The change has drawn criticism from some local candidates.
Wyman said it’s difficult to justify mailing voter pamphlets at a time when deputy sheriffs and deputy clerks are being laid off. Her office had to slash $411,000 out of its $5.3 million general operating budget.
She said there were conversations about eliminating the printed pamphlet, but it was deemed a priority to preserve it. Wyman said some Washington counties have eliminated the pamphlet or made the information available online only.
Wyman said her office will decide later this year whether the change to the pamphlet will continue in 2010.
The savings to the county will change between the primary and the general election this year.
The cost of producing and mailing the pamphlet is shared by the county, cities, school boards and other public agencies that place issues and candidates on the ballot based on a formula related to the number of registered voters in each of the districts.
The county plans to produce 20,000 copies for both the primary and general elections. In the past, the county has produced 140,000 copies to mail to every household for countywide elections and overseas and military voters and to make available at various locations, said Steve Homan, county elections manager. Production will be done in-house instead of by a vendor because of a new system through the Secretary of State’s Office that makes it easier to produce the voter pamphlet, Wyman said.
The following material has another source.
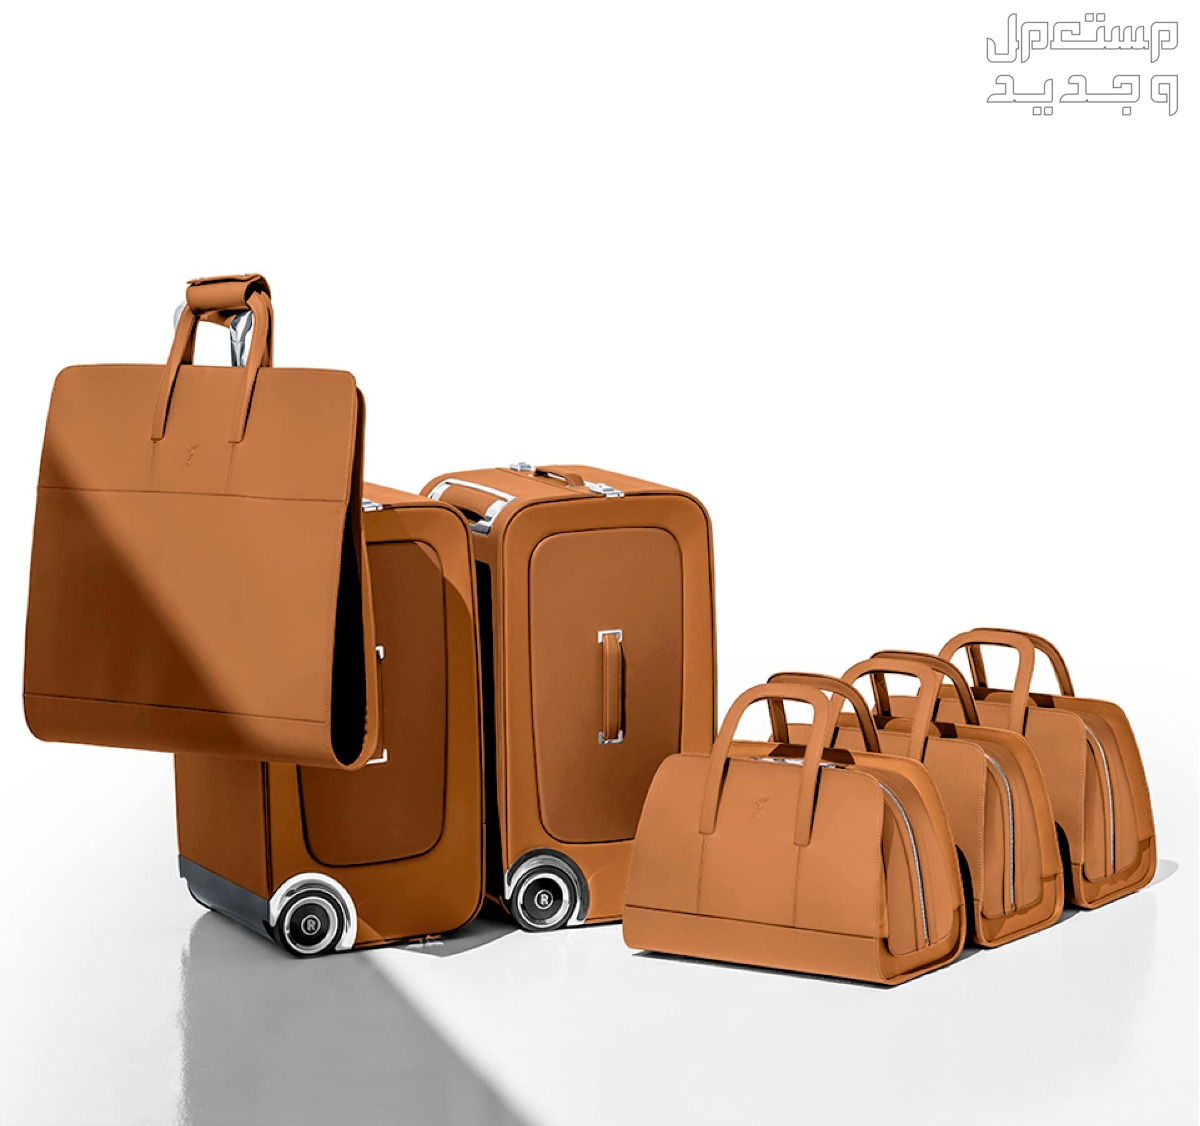 تعرف على أغلى حقيبة سفر في العالم في عمان حقائب رولز رويس باللون البني

The county spent $8,288 on its share of the cost to produce the voter pamphlet during the general election of 2007, which featured a countywide vote on a sales and use tax, Chief Deputy Auditor Ken Raske said. The total cost of producing that pamphlet was more than $40,000. The cost will be less during the upcoming general election, which includes a countywide vote for one commissioner seat, but the amount of the savings isn’t known yet.
In August, the county spent $13,502 on it share to produce the pamphlet for the primary election, Raske said. The cost was higher than in the general election because there was more offices up for election, two commissioner seats and two Superior Court judgeships, and fewer public agencies to share the cost. He estimated that the county will spend in the hundreds of dollars this time around because of reduced printing and mailing, although an exact amount wasn’t known.
He noted that other public agencies that also are dealing with budget issues will benefit from the cost savings.
Some candidates and the president of the League of Women Voters of Thurston County said they fear some voters won’t get election information as easily.
Lacey City Councilman Virgil Clarkson, who is running for a third four-year term, said the lack of immediate availability of the printed voter pamphlet might quell the interest of young people in elections and might make it more difficult for seniors, especially those who are less mobile and computer-literate, to get the election information they need.
He said the change probably will hurt a candidate’s campaign because voters will have less knowledge about a candidate unless they seek it out for themselves.
“I think that if they can at least see the picture and see the name, they’ll have something to relate to once they open the ballot,” said Clarkson, who had a new campaign photo for the pamphlet shot Wednesday.
He said the change will make it difficult for a political newcomer who doesn’t have the name recognition and record of service of an established incumbent.
Janine Gates, a political newcomer running for the Olympia City Council seat held by Jeff Kingsbury, was vehement in her opposition to the change, calling it a “travesty to democracy.”
Gates, a caregiver for seniors, agreed with Clarkson that the elderly will be most affected by the change.
“You’re cutting out huge segments of the community by not having this very important voter pamphlet accessible to everyone,” she said.